Yes, it’s true that LTE signals from local cell towers can interfere with TV antenna reception. This is because LTE is now carried on frequencies that used to be used for television, and so if an antenna isn’t designed to block those signals there can be problems. In an ideal world, signals in the air wouldn’t mingle, mix, or blend with other signals. Our world would be simpler if wireless RF signals would dutifully follow separation rules. However, they are freewheeling spirits that enjoy visiting their friends in the cables. This means that using your cell phone near your TV can result in interference.
In order for a TV signal to interfere at all with a cell signal, it would have to first be stronger than that cell signal. Over the ages engineers have done their very best to keep the interference to a minimum. A simple way to do this is to have the signals in the cable use a different frequency range than the signals in the air. It turns out that signals at different frequencies don’t like to mingle. However, the wireless spectrum has gotten crowded, and relatively recently cellphones have begun using frequencies that cable TV systems use. With our natural separation solution out the door we have to fall back to our next line of defense: RF shielding. This includes using multiple layers of shielding on our cables, tight connectors and well-designed cable modems and set-top boxes.
Communication systems that transmit signals capable of generating interference include amateur radios, CBs and radio and television stations. Design flaws such as insufficient filtering and inadequate shielding or frayed or corroded wires may make equipment susceptible to transmitter interference. To determine whether the interference is caused by a transmitter or electrical equipment, unplug one household electronic component at a time to see if you can isolate any electrical interference source. If your equipment is reacting to nearby transmitters such as an amateur radio or CB, you will have interference only when the radio operator is talking and you will be able to hear only half of the conversation. If this is the case, you may be able to verify the interference source if you see an antenna mounted on a nearby house or car. Cordless telephones use radio frequencies and have no protection from interference. If you are experiencing interference on your cordless phone, you should contact the equipment manufacturer for assistance.

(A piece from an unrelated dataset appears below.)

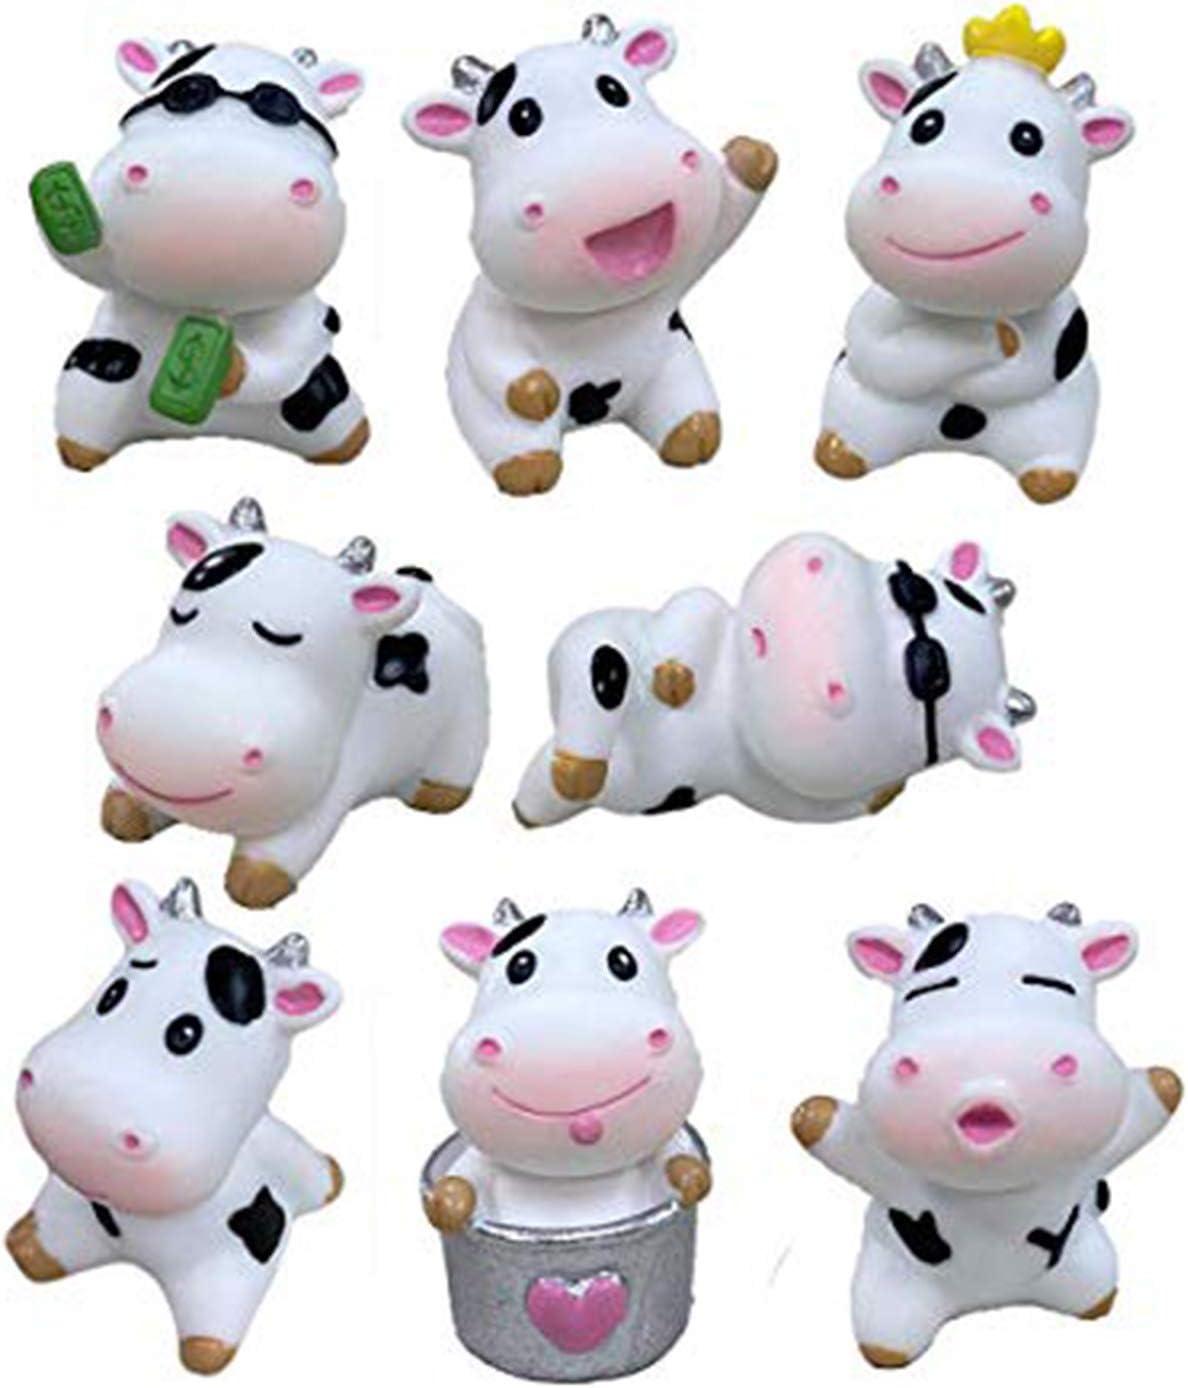 Beauy Girl 8pcs Mini Cow Animals Miniature Cow Figurines Fairy Garden Miniature Cattle Farm Figurines DIY Terrarium Crafts Moss Landscape Ornament Plant Pot Craft Dollhouse Decoration

Electrical Interference and The TV
Electrical interference appears on the audio and video portion of television programming. Short bursts of interference may be caused by hair dryers, sewing machines, electric drills, doorbell transformers and garage door openers. If the pattern is on continuously, it may be caused by equipment that is in use full time. Electrical interference may be caused by power lines or electrical equipment in your home. Interference caused by your power company’s electrical equipment is normally continuous and your power company should be notified. A simple method of determining the location of electrical interference is by using a portable AM radio tuned to a quiet frequency at the lower end of the dial. You should hear static or a buzzing sound as you get close to the source of the interference. The closer you get, the more intense the static will be.
If you find that interference has befallen you and the video on your TV is breaking up when you use your portable device, the first thing to do is check that the connector on the cable leading to your set-top box is tight. Experts at https://longrangesignal.com/which-direction-should-a-tv-antenna-face/ are able to assist others with a step by step guide in helping diagnose and solve the connection problems you face. So, whenever in a predicament on what to do, try doing a little light reading before touching anything.
Tightening the connector with your fingers is another sufficient solution, but keep in mind that if you move the set-top box the connector may get loose again. Next, check the cable feeding the set-top box. They’re not the least expensive in the store, but they also aren’t much more expensive than poor-quality cables. You will want to look for the cables with quad layer shielding. Finally, check for any RF splitters in the line. Look at the back of the RF splitter if the back plate is glued on instead of soldered on then you will want to replace the splitter.
While some of these problems can be fixed by yourself, it’s best to check with your cable provider first. They may offer you cables or splitters for free or a nominal fee, or provide you with suggestions for which ones to buy. Whatever the case, there’s always a solution to these problems and all you need to do is ask the right questions.